The efficacy of low frequency repetitive transcial magnetic stimulation for treating auditory verbal hallucinations in schizophrenia: Insights from functional gradient analyses

Affiliations

The efficacy of low frequency repetitive transcial magnetic stimulation for treating auditory verbal hallucinations in schizophrenia: Insights from functional gradient analyses

Yuanjun Xie et al. Heliyon. .

Abstract

Background: Auditory Verbal Hallucinations (AVH) constitute a prominent feature of schizophrenia.
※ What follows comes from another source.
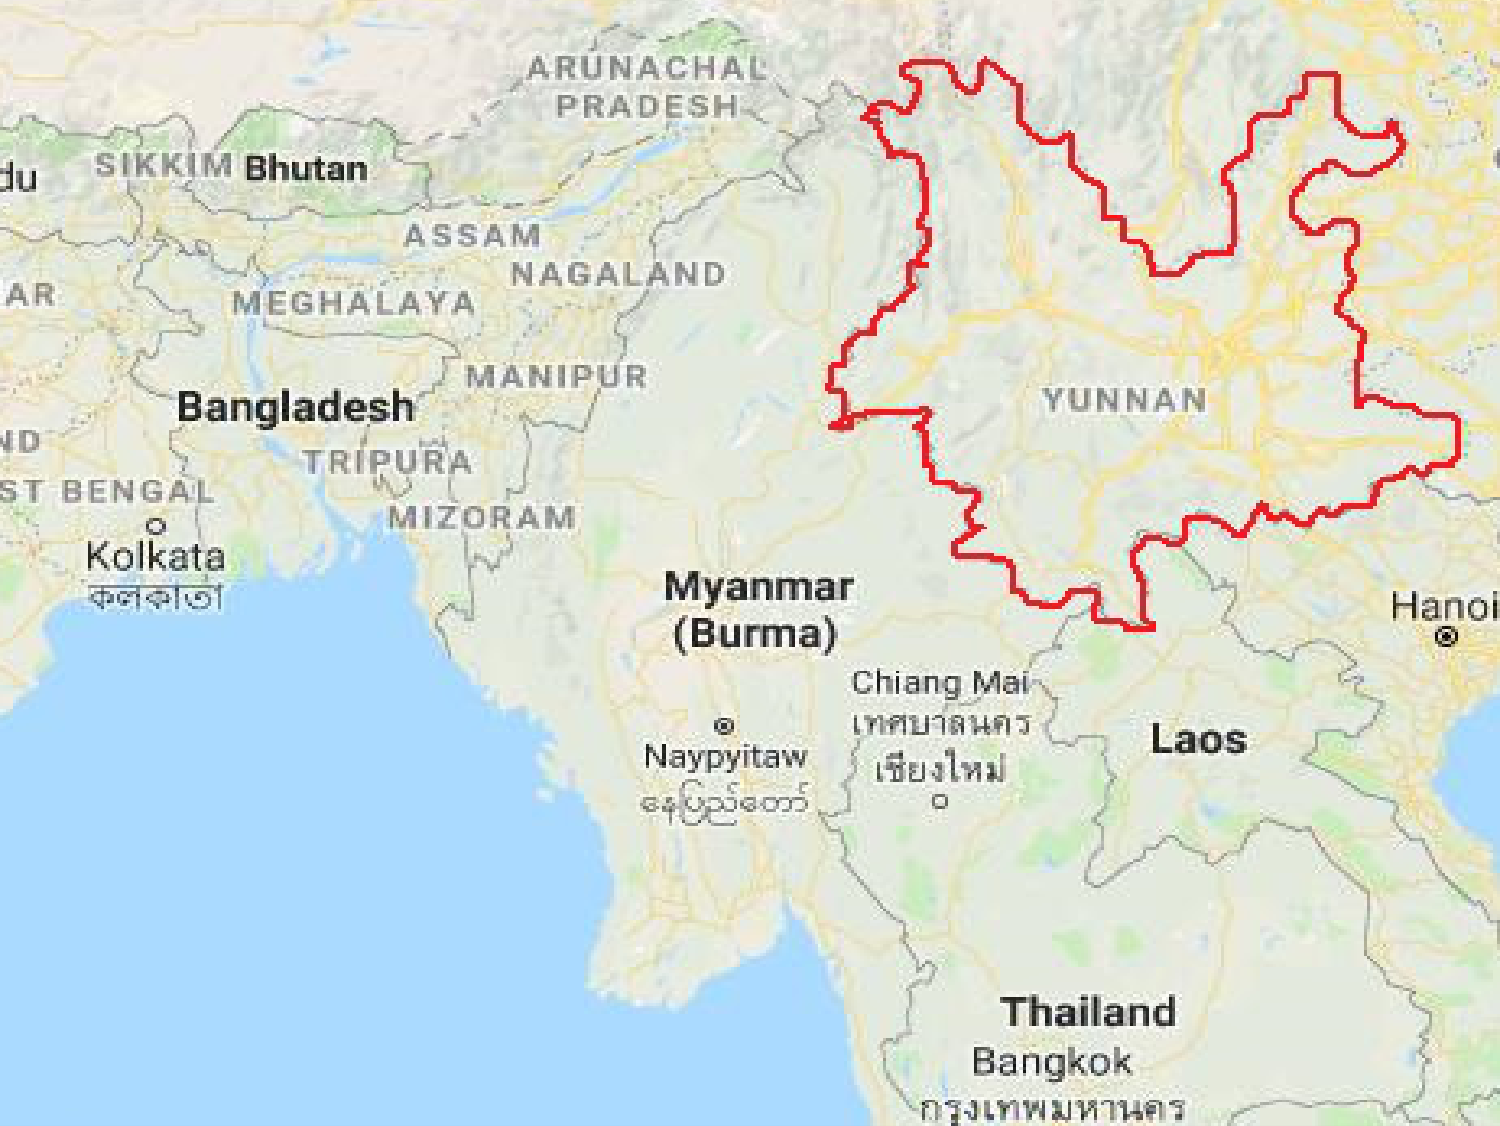 myanmar language map

Although low-frequency repetitive transcranial magnetic stimulation (rTMS) has demonstrated therapeutic benefits in ameliorating AVH, the underlying mechanisms of its efficacy necessitate further elucidation.

Objective: This study investigated the cortical gradient characteristics and their associations with clinical responses in schizophrenia patients with AVH, mediated through 1 Hz rTMS targeting the left temporoparietal junction.

Method: Functional gradient metrics were employed to examine the hierarchy patterns of cortical organization, capturing whole-brain functional connectivity profiles in patients and controls.

Results: The 1 Hz rTMS treatment effectively ameliorated the positive symptoms in patients, specifically targeting AVH. Initial evaluations revealed expanded global gradient distribution patterns and specific principal gradient variations in certain brain regions in patients at baseline compared to a control cohort. Following treatment, these divergent global and local patterns showed signs of normalizing. Furthermore, there was observed a closer alignment in between-network dispersion among various networks after treatment, including the somatomotor, attention, and limbic networks, indicating a potential harmonization of brain functionality.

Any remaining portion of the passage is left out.